We had something we could use. Beyond Kamau’s hypothesis—this was concrete. It was time to go look for Paul and Hassan.

Just when we were about to make our way past what had been the patio, I heard it. The look on my face stopped O, and we tried to make out a sound underneath the sirens and the bulldozers and the jackhammers tearing into debris. It was a faint tapping. O rushed away to get help and I started to tap back, walking toward the sound carefully so as not to upset the delicately balanced debris. The tapping got louder, louder, and more urgent until I was almost standing over it. I started digging madly with my bare hands.

A night watchman, a large man in his fifties still dressed in his heavy raincoat and hat in spite of the heat from the morning sun and the flaring fires, waddled over and started tearing away at the debris with me.

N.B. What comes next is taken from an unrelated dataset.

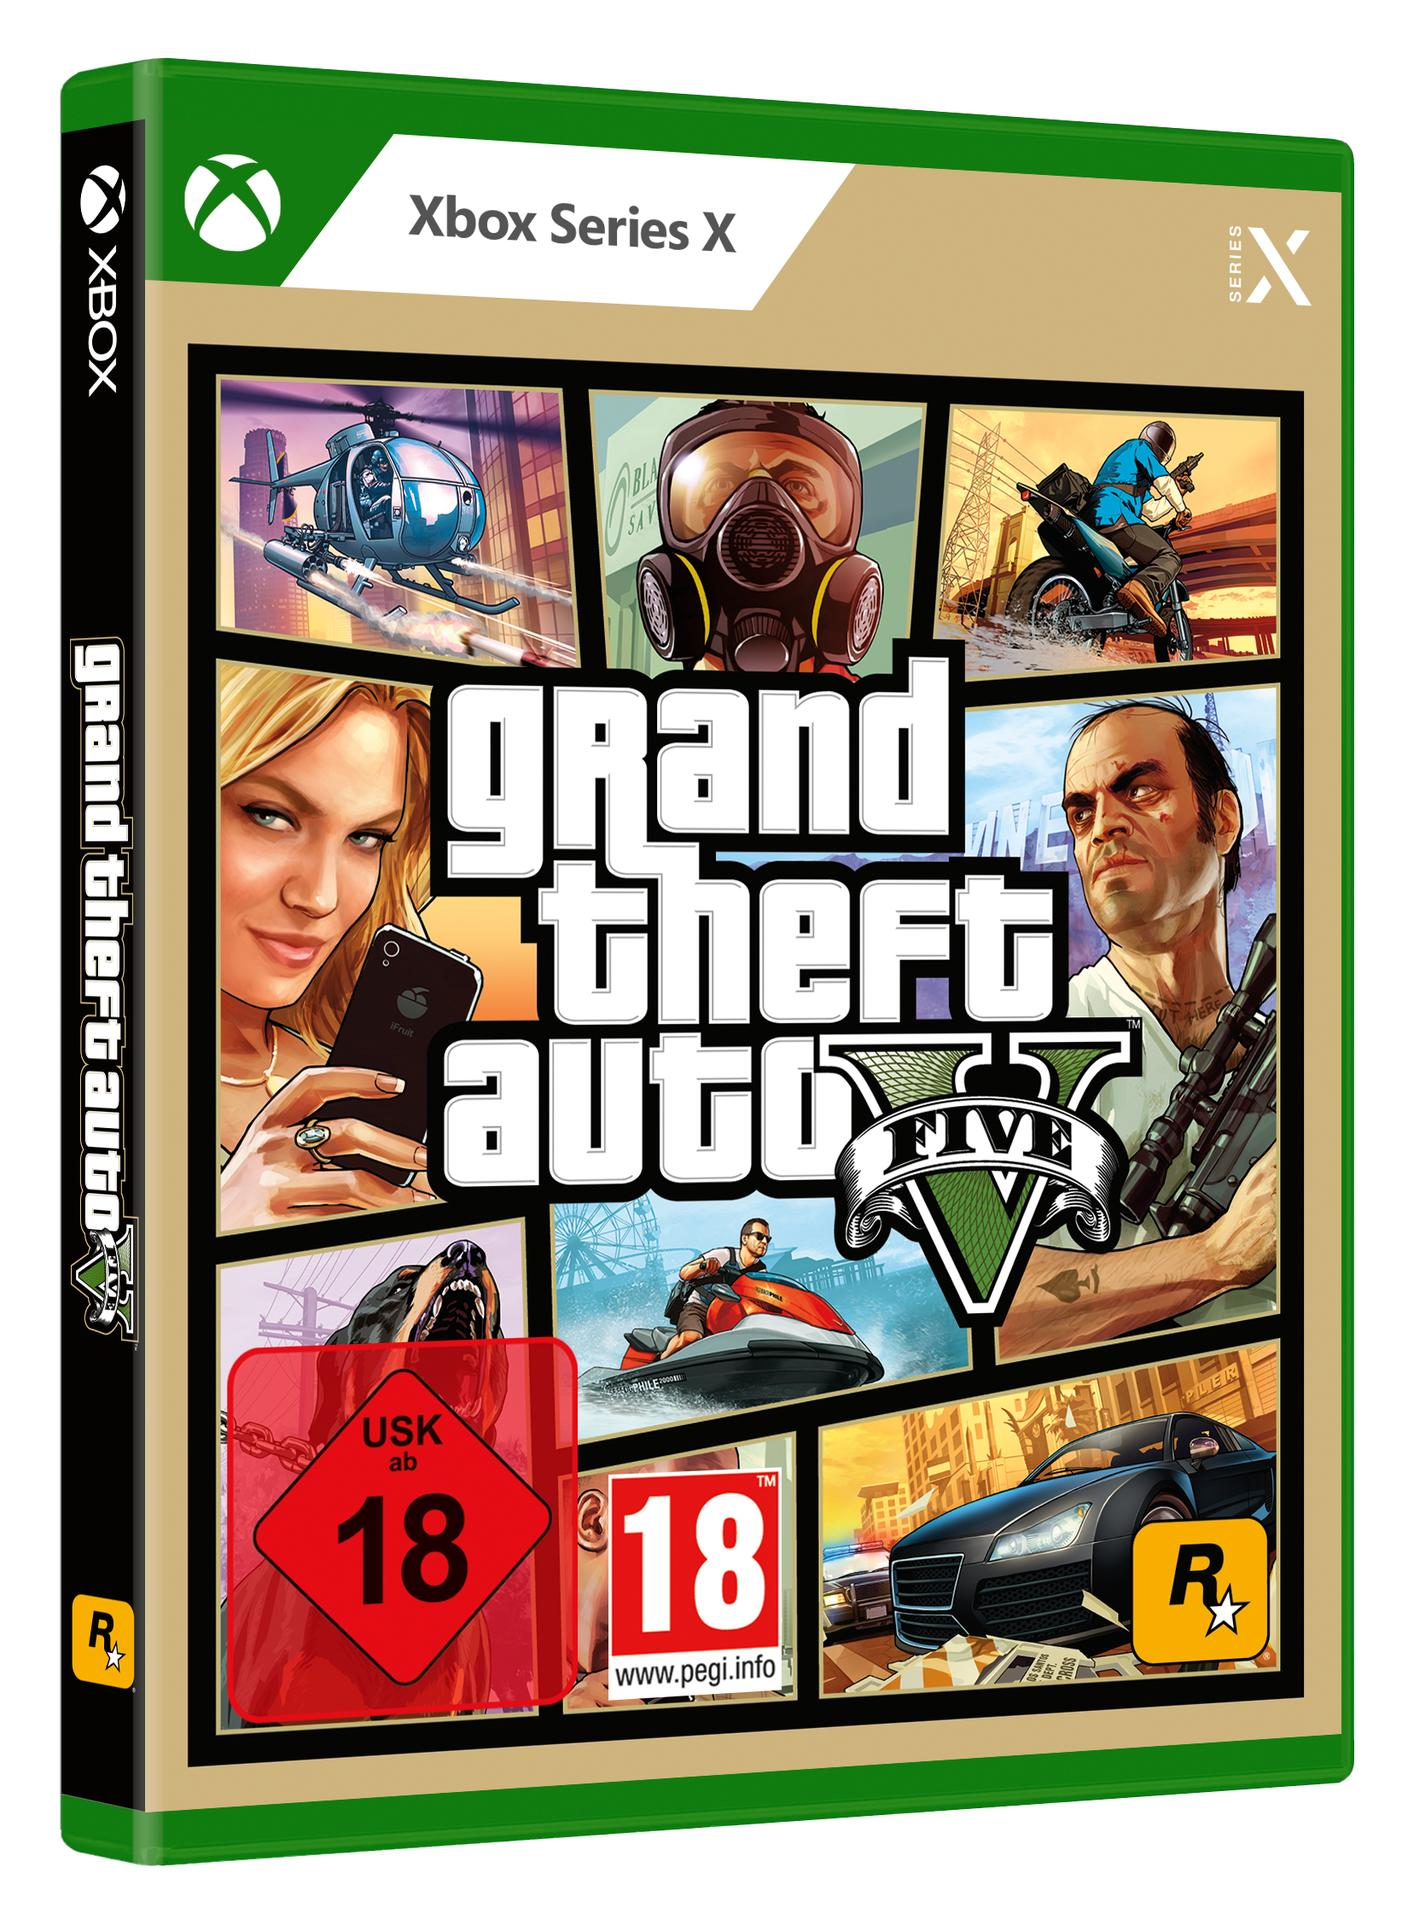 Theft [Xbox GTA Series X] -Grand 5 - V Auto

“I am Detective Ishmael. See anything suspicious? Late-night deliveries? Anything out of the ordinary?” I asked him between heaves of heavy debris.

“No, night like every night—everything goes smoothly—then—boom!” he answered. I really had to learn Kiswahili. I had been saying that for years now, but always working with O had made things easier. I understood everyday conversation—asking for directions, ordering food—just enough to borrow water, O always said. Before long, between us and the sound, we came to a large slab over what seemed to be a foundation wall.

“Were you the only one working tonight?” I asked him.

“Nothing happening at night—so, my friends, the other watchmen deciding to go inside—to kitchen to eat,” he tried to answer but he could not continue. I gathered that they were all dead or seriously wounded.

“This bomb—I do not know how it get inside. We sweep cars—since five years ago, we sweep cars for bomb,” he added. I didn’t take that seriously—this was Kenya, where $200 bought you a murder and $20,000 a small massacre. At the right price and in the right hands a bomb could be placed anywhere.